福島市の名物といえば何を思い浮かべますか?

「いかにんじん」や「凍み大根の煮物」、「ざくざく煮」など、ふるさとを感じさせる優しい料理が多いですが、お酒好き、酒場好きの間では餃子が人気です。

福島駅前には創業60年以上になる老舗から新進気鋭まで、合計約20軒の餃子店があります。餃子をメニューのひとつに入れている居酒屋を入れれば更に多いです。

福島の餃子は独自のスタイルがあり、フライパンいっぱいに並べて丸皿に盛り付ける「円盤餃子」が一般的。地元の人で連日賑わう餃子店は、福島の夜を代表する光景のひとつです。福島に来たら、餃子を食べずには帰れません。

福島駅前には昔ながらの細い路地が残っています。会津料理を掲げた小料理屋、庶民的なバル、長く続く大衆酒場、びっしりと看板がつらなるスナックビル。それらに囲まれた小路を歩くと、東京まで新幹線で1時間30分の近さであっても福島に一泊したくなります。

外観

そんな福島の飲み屋街ですが、残念ながら少なくない場所が空き地になっています。

今回訪ねた『つやこ』は、なんと店の3面が駐車場・公営駐輪場となっています。
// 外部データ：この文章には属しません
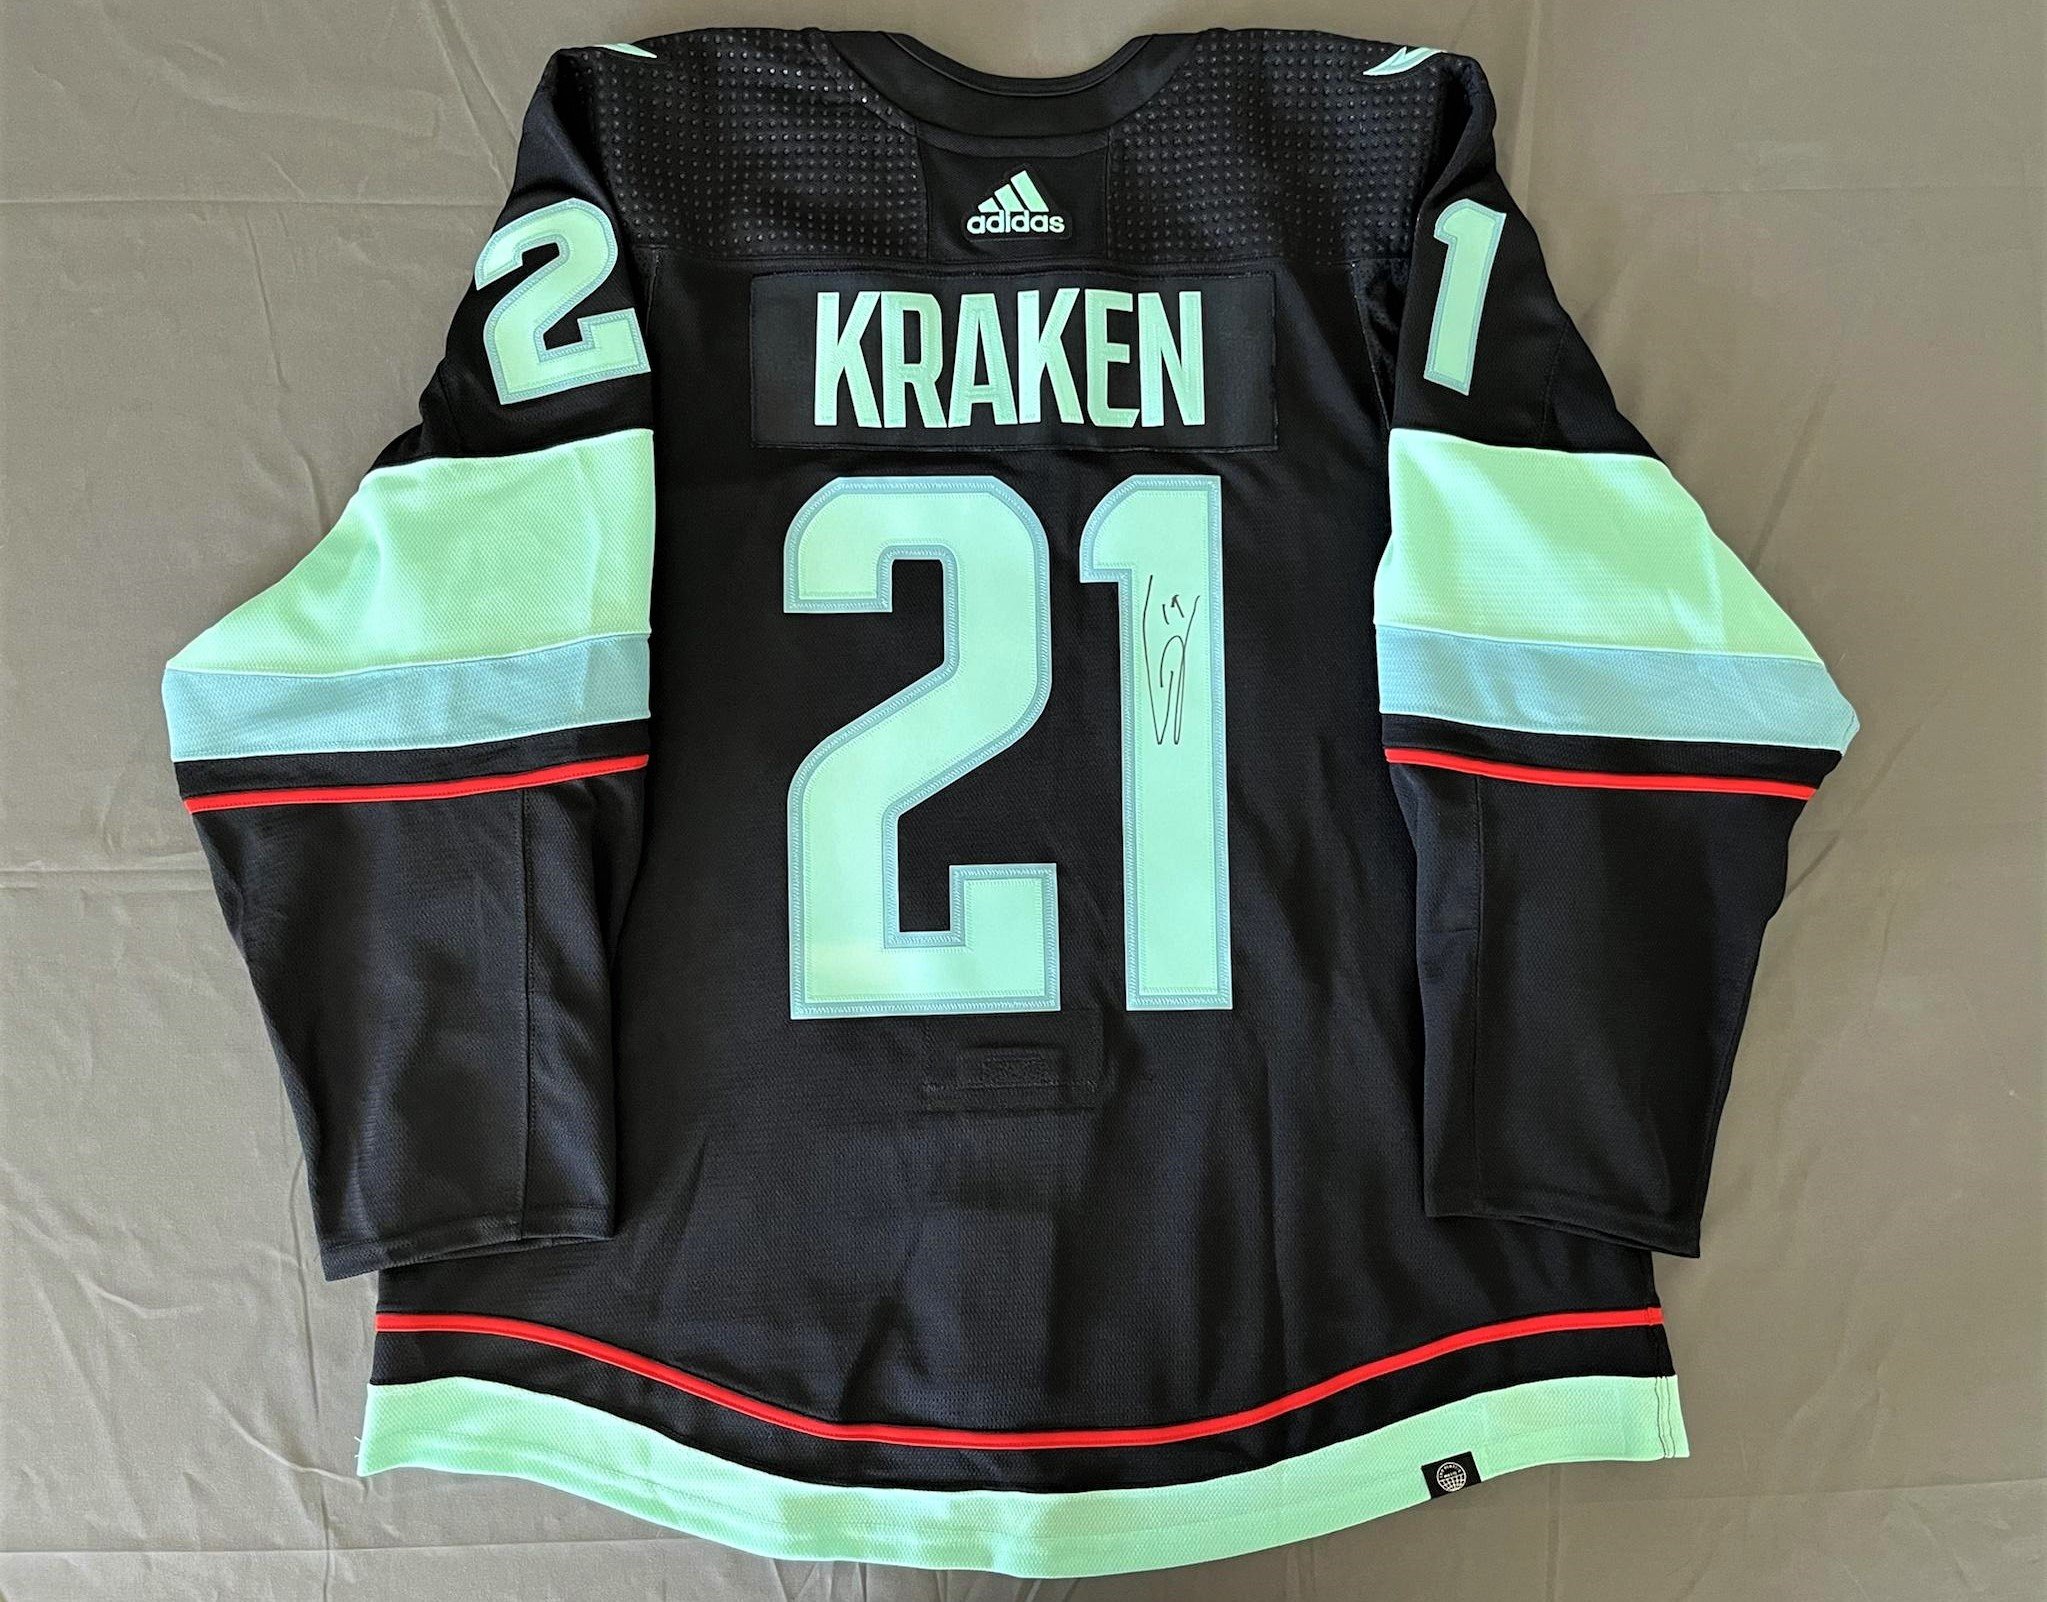 Kraken wear last of six 'Hockey is for Everyone' warmup jersey

公道に面していないため、駐輪場を歩く必要があるのです。

かつて横丁があったことを思わせる場所に建つ平屋の店。暖簾越しにお客さんたちの笑い声が漏れ聞こえてきます。

内観

夜の街を歩いて偶然みつけるような場所では全くありません。それでも、店内はなんと満員状態です。

小上がりでは、ジャケットを脱いでワイシャツ姿になったお父さんたちがボトル焼酎を囲んでメートルを上げています。3名以上だと予約ができ、コース料理(餃子・イカ・やきとり)がオススメされる様子。

厨房を囲むカウンターでは女性二人組がやきとりに夢中です。黒帯呑兵衛のオーラ漂う一人飲みの常連さんは、清酒「夢心」のお銚子を傾けていてカッコいい。この雰囲気だけでもう嬉しくなります。

若い大学生風の店員さんがピシッとした姿勢で元気に「いらっしゃいませ!」と迎えてくれました。厨房で黙々と調理しているのが大将で、手伝う店員さんはよく教え込まれています。皆さんハキハキとしていて気持ちいいです。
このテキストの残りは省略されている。